Baseline assessment included a history and physical examination, WHO performance status, laboratory analysis, electrocardiogram, ophthalmological examination and a tone audiogram. Laboratory analyses were performed weekly during concurrent treatment and monthly thereafter. An electrocardiogram was repeated in the second and final week of study treatment for the first 7 patients. The protocol was amended to weekly ECG surveillance during CQ-treatment for the remainder of patients due to observed toxicity. Ophthalmological examination and a tone audiogram were repeated 4 weeks after the end-of-study treatment and if clinically indicated. Assessment of adverse events and physical and neurological examinations were performed monthly during the adjuvant cycles of TMZ. The blood concentration of CQ was monitored on four time points throughout the regimen and before the adjuvant cycles of TMZ (first and second week and end of chemoradiation and 4 weeks after chemoradiation). CQ was analyzed in serum samples using validated liquid chromatography coupled with tandem mass spectrometry (LC-MS/MS) method. The chromatographic separation was achieved on a reversed-phase Thermo Fisher Scientific Hypurity C18 (50x2.1 mm, 3μ) column (22103–052130), with gradient elution using ammonium formate 0.02 mol/L pH 3.5 and methanol as mobile phase at a flow rate of 0.5 mL/min. Protein precipitation with 10% trichloroacetic acid and D4-CQ was utilized for extraction of CQ from the matrix. CQ was quantitated using MS/MS detection with an electrospray ionization source in positive multiple reaction monitoring (MRM) mode. The MS/MS response was linear over a concentration range from 10 to 2000 μg/L with a correlation coefficient (R2) of 0.999 or better. The within- and between-day precision (% relative standard deviation) and accuracy were within the acceptable limits as per EMA and FDA guidelines [Citation53,Citation54]. Profile parameters included blood trough level, Area Under the Curve and elimination half-life. Magnetic resonance imaging was performed within 72 h after brain tumor surgery and at least within 6 weeks prior to registration. Follow-up imaging was performed according to standard clinical protocol on a three-monthly basis after treatment.

Molecular profiling

IDH1 or IDH2 mutations were detected with polymerase chain reaction and pyrosequencing, MGMT promoter methylation status was analyzed by bisulfite treatment and methylation-specific polymerase chain reaction followed by pyrosequencing. FISH analysis of 1p/19q status was performed using the LSI 1p36/1q25 and 19q13/19p13 FISH Probe kit (Abbott Molecular Inc., 04N60-020). To determine EGFRvIII expression, formalin-fixed paraffin-embedded biopsies were probed with antibodies directed against EGFRvIII (clone L8A4, absolute antibody, Ab00184-1.1.) and visualized using HRP-linked anti-mouse (Cell Signaling Technology, 7076S) antibodies) in combination with DAB-staining. Tumor biopsies were scored either negative, less than 1% (+), between 1% and 60% (++) or more than 60% (+++) of the cells positive in EGFRvIII-expression.

Statistical analysis

The primary objective of the study was to determine the recommended phase two dose. Secondary objectives included evaluation of safety, tolerability, pharmacokinetics and preliminary changes in treatment efficacy. All evaluable patients were included in the analyses. Analysis was limited to presentation of descriptive statistics (e.g., median and range) and frequencies in cross-tabs. Statistical analysis was performed using the statistical program SPSS for Windows (version 22. 0.0, 2013) and R Statistical Software (version 4.0.1). OS was defined as the time from enrollment until death. The survival analyses were performed using the Kaplan–Meier method.

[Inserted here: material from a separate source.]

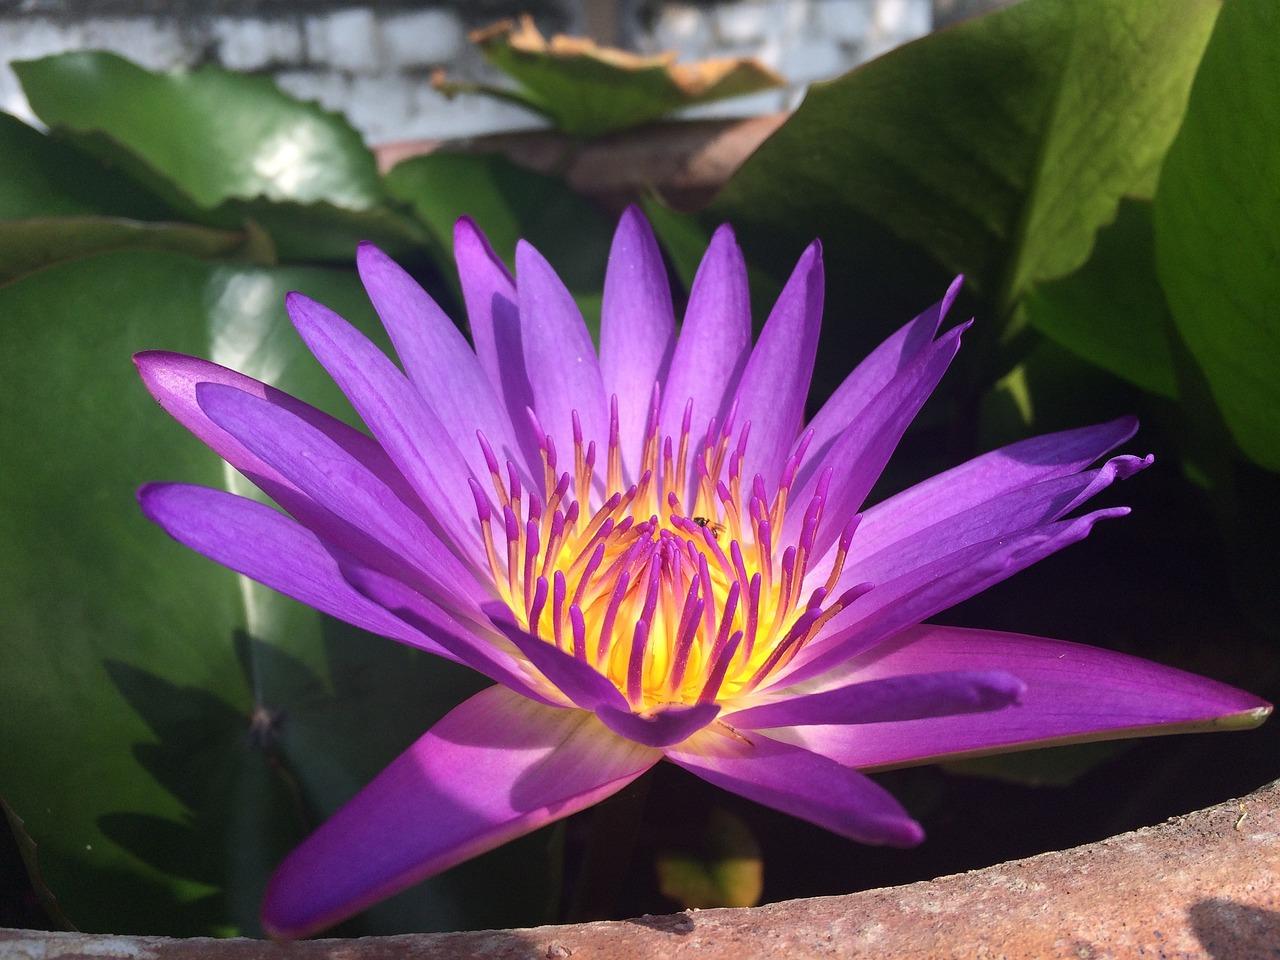 необитаемом острове лотос фото лиловый цветоводстве пользуется популярностью

The study was approved by the Medical Review Ethics Committee at Maastricht University Medical Center +. All procedures performed were in accordance with the ethical standards of the institutional and/or national research committee and with the 1964 Helsinki declaration and its later amendments or comparable ethical standards. Informed consent was obtained from all individual participants included in the study. This trial is registered on clinicaltrials.gov (NCT02378532).

Acknowledgments

The authors sincerely thank Monique Bessems, Nadja Drummen, John Paulissen and Claudia Offermans for their support with data collection, patient inclusion and patient guidance. Moreover, the authors would like to thank the members of the Data Safety Monitoring Board, Filip Y.F.L. De Vos MD, PhD, prof. Daan J. Touw, Pharm D, PhD, Ruud M.A. Houben, MSc, Iverna Nijsten, MSc, and Kim M. Smits, PhD for their expertise and recommendations. The study protocol was written during the 16th joint ECCO-AACR-EORTC-ESMO Workshop Methods in Clinical Cancer Research – Flims, Switzerland, 21-27.6.2014

Disclosure statement

Chloroquine has received an Orphan Drug Designation by the European Committee (EU/3/14/1377) and US Food and Drug Administration (#15-4750) from the treatment of glioma.

Data availability statement

The dataset will be made publicly available on https://cancerdata.org

Additional information

Funding

This work was supported by the European Research Council [ERC-ADG-2015, n° 694812 - Hypoximmuno]; Stichting StopHersentumoren (NL) [2015].

References

  • de Robles P, Fiest KM, Frolkis AD, et al. The worldwide incidence and prevalence of primary brain tumors: a systematic review and meta-analysis. Neuro Oncol. 2015;17(6):776–783.
  • Stupp R, Hegi ME, Mason WP, et al. Effects of radiotherapy with concomitant and adjuvant temozolomide versus radiotherapy alone on survival in glioblastoma in a randomised phase III study: 5-year analysis of the EORTC-NCIC trial. Lancet Oncol. 2009;10(5):459–466.
  • Weller M, van den Bent M, Tonn JC, et al. European Association for Neuro-Oncology (EANO) guideline on the diagnosis and treatment of adult astrocytic and oligodendroglial gliomas. Lancet Oncol. 2017;18(6):e315–e329.
  • Patel AP, Tirosh I, Trombetta JJ, et al. Single-cell RNA-seq highlights intratumoral heterogeneity in primary glioblastoma. Science (New York, NY). 2014;344(6190):1396–1401.
  • Louis DN, Perry A, Reifenberger G, et al. The 2016 world health organization classification of tumors of the central nervous system: a summary. Acta Neuropathol. 2016;131(6):803–820.
  • Maire CL, Ligon KL. Molecular pathologic diagnosis of epidermal growth factor receptor. Neuro Oncol. 2014;16(Suppl 8):viii1–6.
  • Brennan CW, Verhaak Rg Fau - McKenna A, McKenna A Fau - Campos B, et al. The somatic genomic landscape of glioblastoma. Cell. 2013;155(2):462–477.
  • Shinojima N, Tada K, Shiraishi S, et al. Prognostic value of epidermal growth factor receptor in patients with glioblastoma multiforme. Cancer Res. 2003;63(20):6962–6970.
  • Theys J, Jutten B, Dubois L, et al. The deletion mutant EGFRvIII significantly contributes to stress resistance typical for the tumour microenvironment. Radiother Oncol. 2009;92(3):399–404.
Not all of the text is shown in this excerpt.